Quando as companhias aéreas começaram a cobrar a bagagem, dizia-se que haveria uma redução dos preços da passagem, mas na prática, não se viu isso.

O tema da cobrança separada da bagagem foi muito mal trabalhado e deixou uma impressão equivocada do efeito no preço. O efeito é de redução, mas ele não é imediato. O que reduz preço é custo e concorrência. O mundo inteiro cobra separado, porque é o modelo de concorrência das low cost. Se a gente não separar a bagagem da passagem, nenhuma low cost vai entrar no Brasil. Essa legislação mudou em 2017. Havia quatro companhias na época e uma quebrou, a Avianca, porque o mercado brasileiro estava super concorrido. Depois, os preços subiram, porque diminuiu a oferta naquele momento e começou a haver interesse de empresas de virem para o Brasil. Mas nove meses depois veio a pandemia.
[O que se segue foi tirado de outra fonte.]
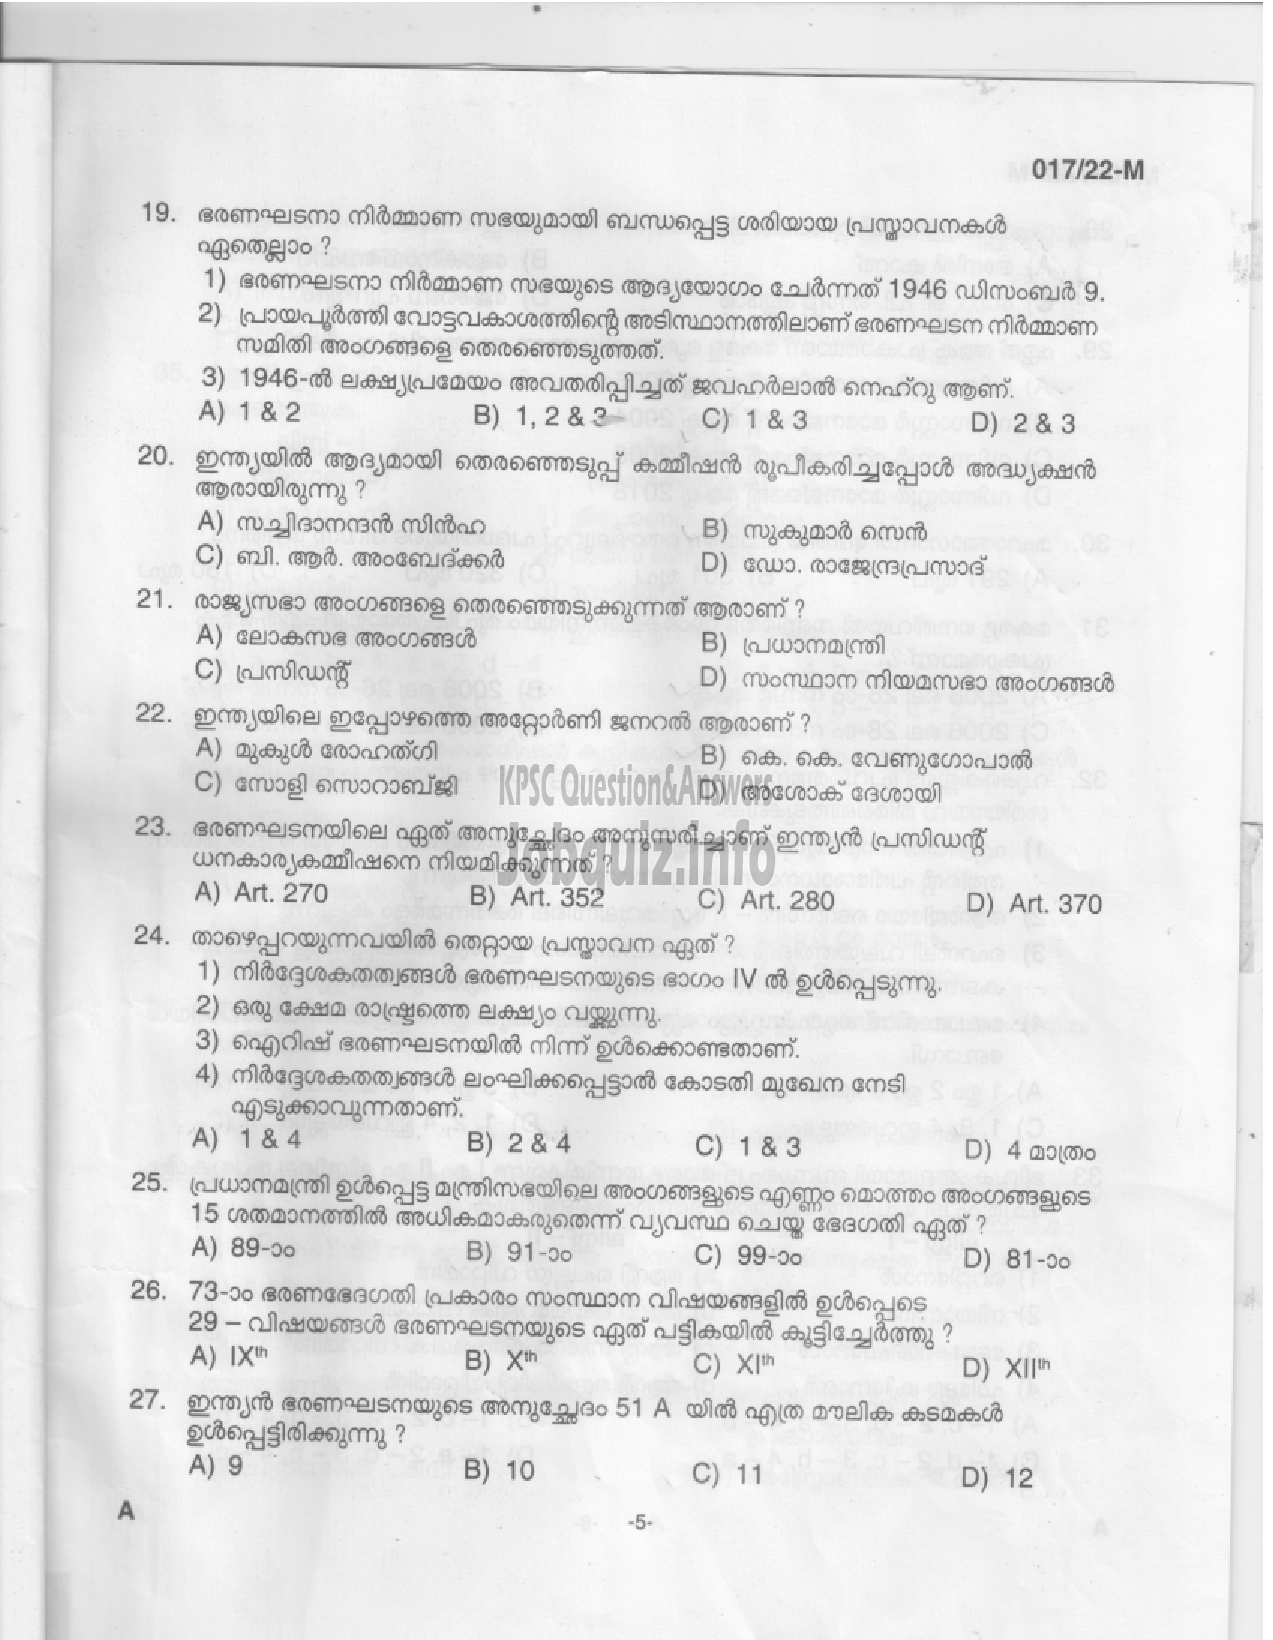 Kerala PSC Question Paper -  Police Constable, Women Police Constable, Armed Police ASI etc-POLICE DEPARTMENT  -3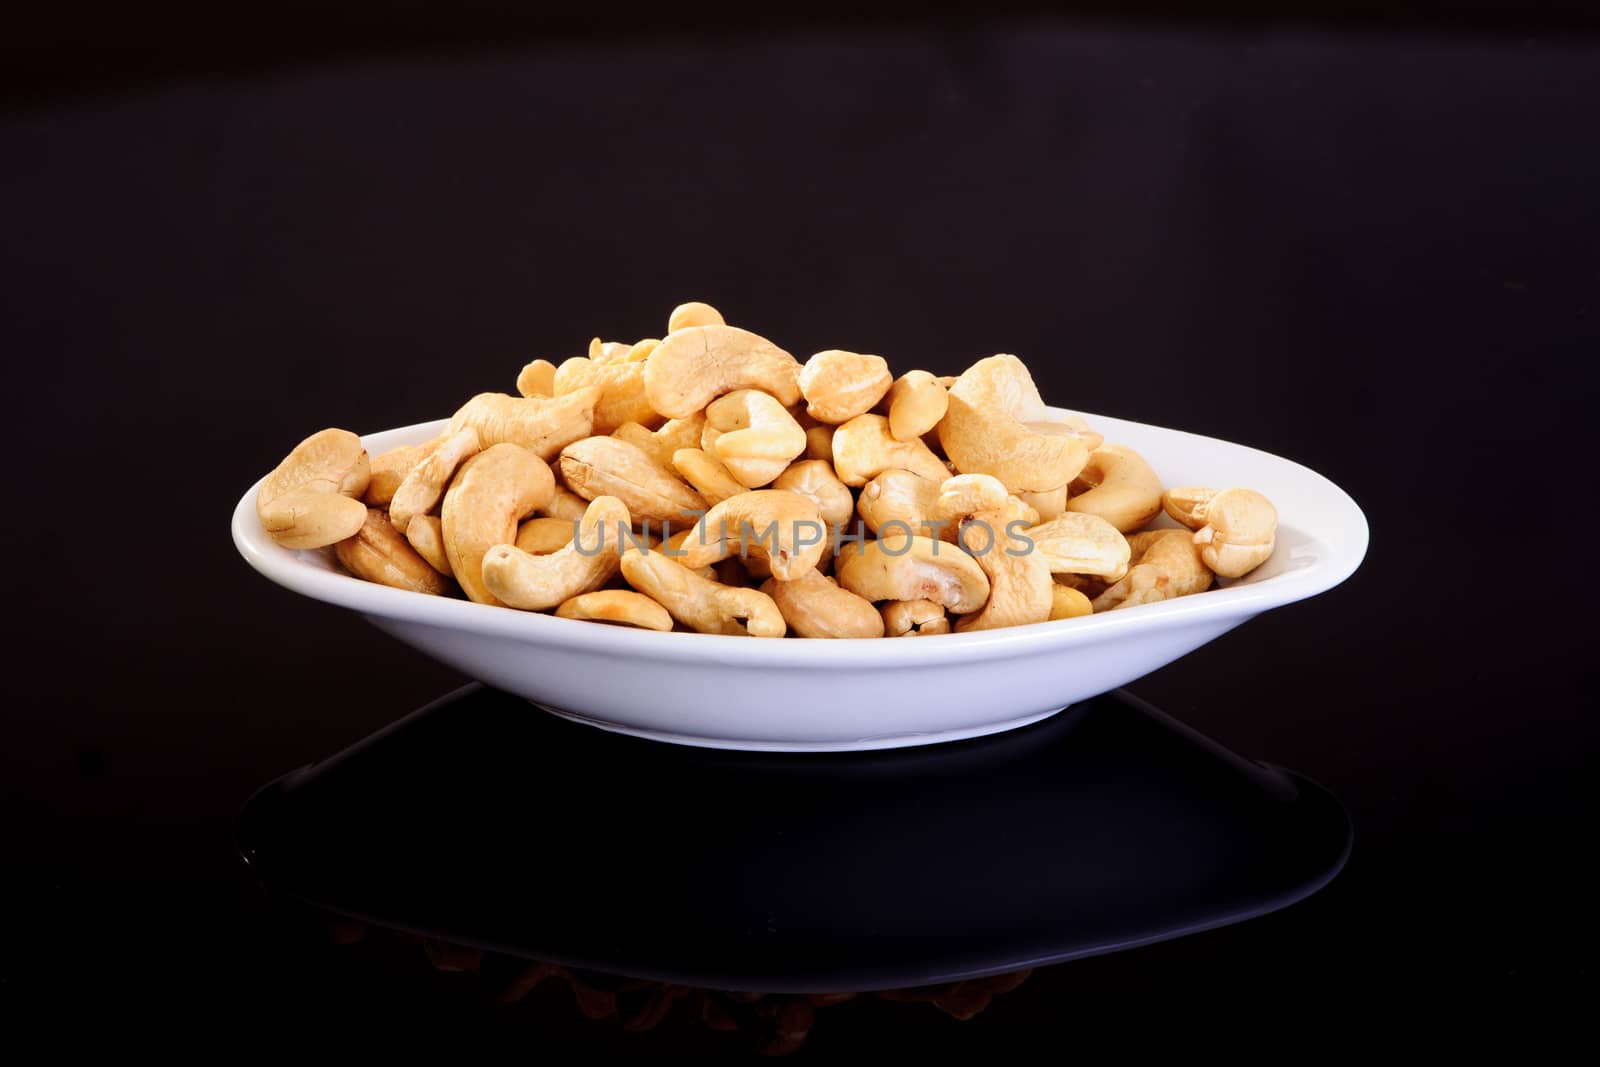 Raw Cashew Nuts in a white plate on a black background

Então, ainda não dá para avaliar a mudança?

Exatamente. E aí eu entendo a frustração de quem esperava que os preços fossem cair. O passageiro toma a decisão de viajar em cima do preço da passagem. Primeiro, decide se vai voar ou não e, depois, se vai com uma mochila nas costas ou vai levar uma, duas, ou três malas. As low cost trabalham jogando o preço lá em baixo, e, depois, cobram muito pela mala. Essa é a lógica, porque, jogando o preço lá embaixo, mais gente vai voar e, depois, decide se vai ou não levar mala.

Como vocês estão vendo a confusão do mercado de milhas, com empresas quebrando, como a 123 milhas, MaxMilhas? Isso tem afetado a operação da empresa?

Essa é mais uma jabuticaba brasileira. É um mercado que só existe no Brasil. E existe porque o regulamento de todo o programa de milhagem não é respeitado. Você não pode vender sua milha. Ela é para incentivar você a voar mais na companhia. O objetivo é a fidelidade, não ganhar dinheiro vendendo milhas. Mas, nós temos um Judiciário que permite que o cliente burle as regras do programa. Essas companhias estão com problemas financeiros porque vendiam um produto que não conseguiam entregar. Acho que a gente tem que parar de criar jabuticaba.